La Cocina Gift Bazaar Crocker Galleria, 50 Post, SF. www.giftbazaarsf.com. Dec. 7, 1-7pm, free. You’re not going to have problems finding foodie-friendly presents at this fair — but getting them safely to their intended destination sans bite marks might be a problem. La Cocina business incubator program graduates Clairesquares, Onigilly, Love & Hummus Co., Chiefo’s Kitchen, and more will all have their wares for sale.

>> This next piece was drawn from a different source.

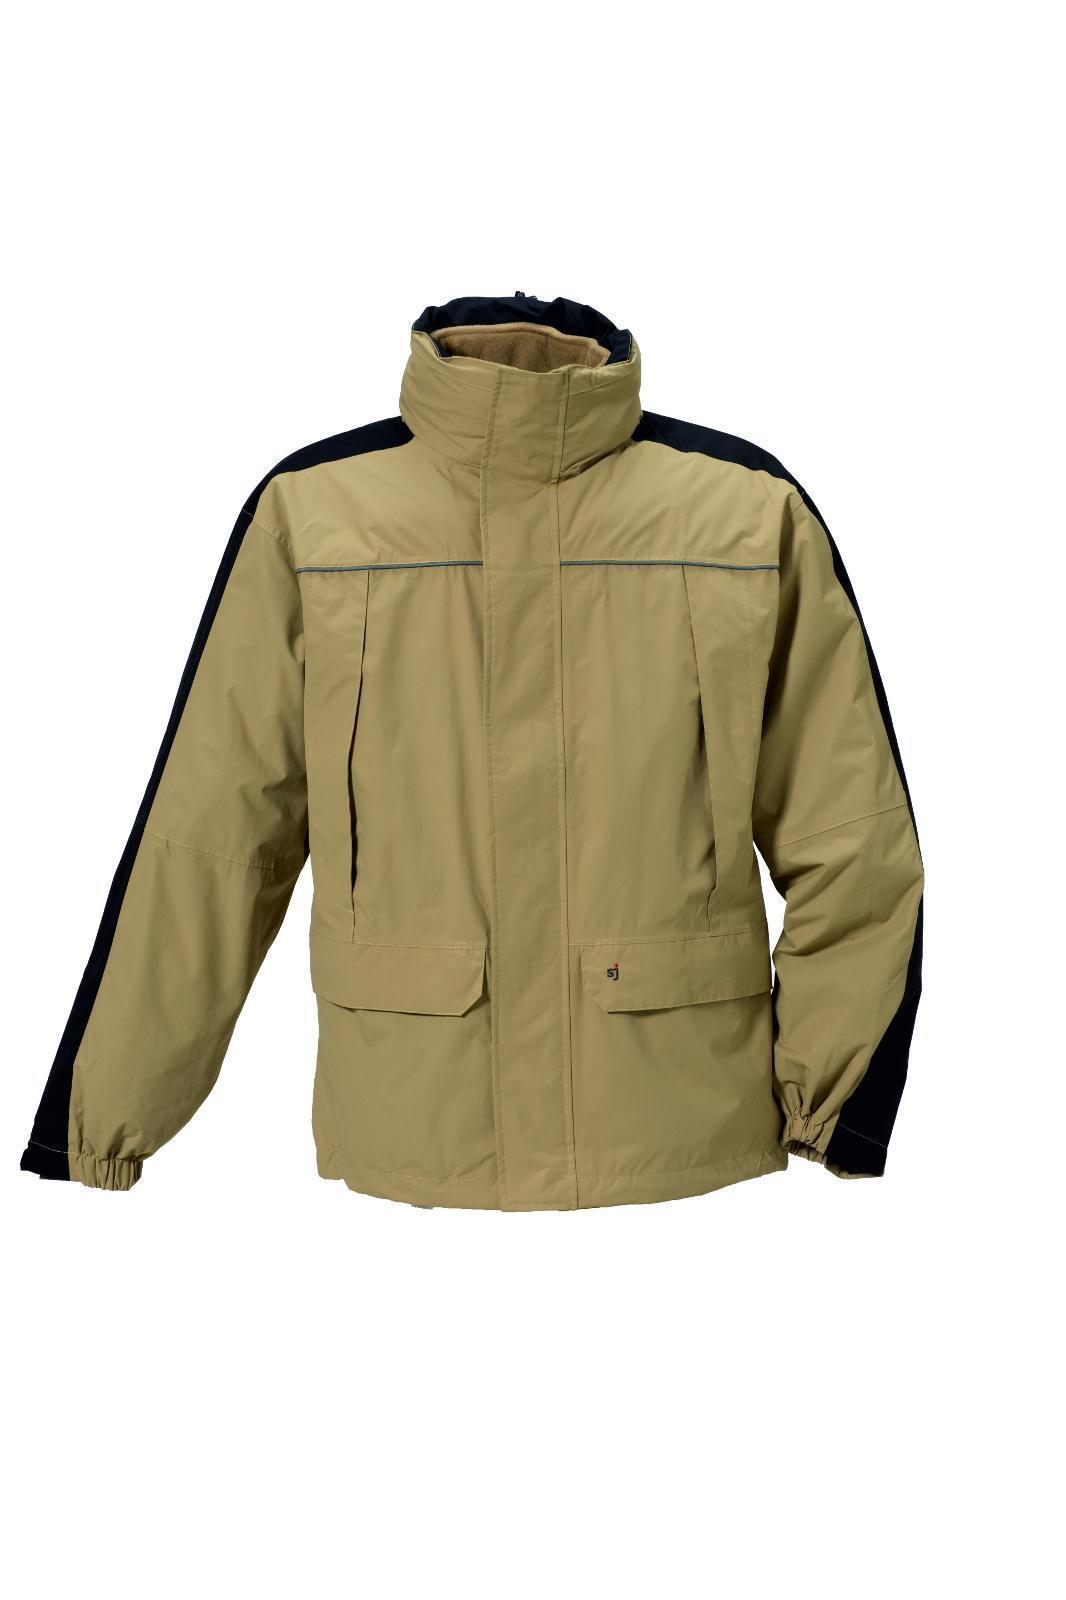 SJ función chaqueta j409 caqui negro Al aire libre caballeros 3in1 chaqueta con innenfleece

East Bay Alternative Book and Zine Fest Berkeley City College, 2050 Center, Berk. Dec. 8, 10am-5pm, donations suggested. www.eastbayalternativebookandzinefest.com. For the indie comic nerds on your list, you’ll want to check out this expo of all things zine. Talks by New Yorker illustrator Erik Drooker and Go the Fuck to Sleep author Adam Mansbach spice up the fair’s schedule and there’s rumor of a dance party to take place at day’s end.

KPFA Crafts Fair Concourse Exhibition Center, 635 Eighth St., SF. www.kpfa.org/craftsfair. Dec. 8-9, 10am-6pm, $10. Our public radio station hosts 220 artists and their wares for this no-brainer shopping weekend. Pick up unique wrapables from leather fashion to gourmet snacks to lotions and creams to pamper your loved ones.

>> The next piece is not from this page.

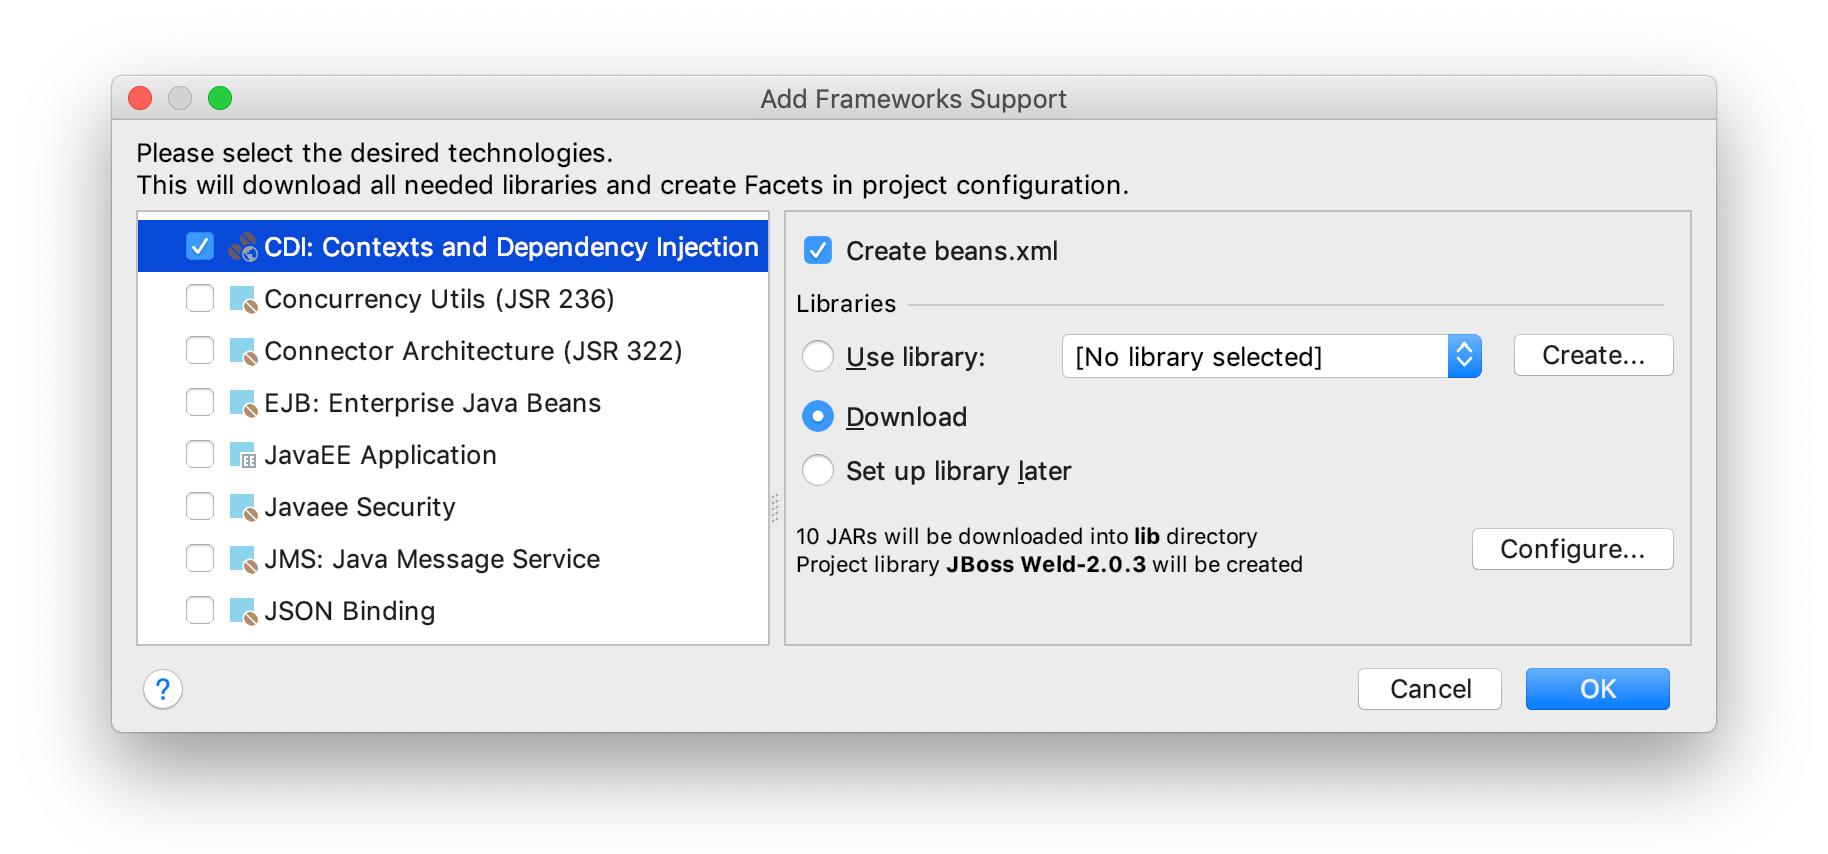 Java jms jar download

Mercado de Cambio/The Po’ Sto’ market and knowledge exchange 2940 16th St., SF. www.poormagazine.org. Dec. 15, 3-7pm, donations suggested. We can pretty much guarantee you that there is no other gift fair that will have better hip-hop music. The Mercado de Cambio organized by POOR Magazine aims to counterbalance the corporatization of our holiday season. Go here for aforementioned live beats, indigenous crafts, Occupy gear, and POOR-published literature.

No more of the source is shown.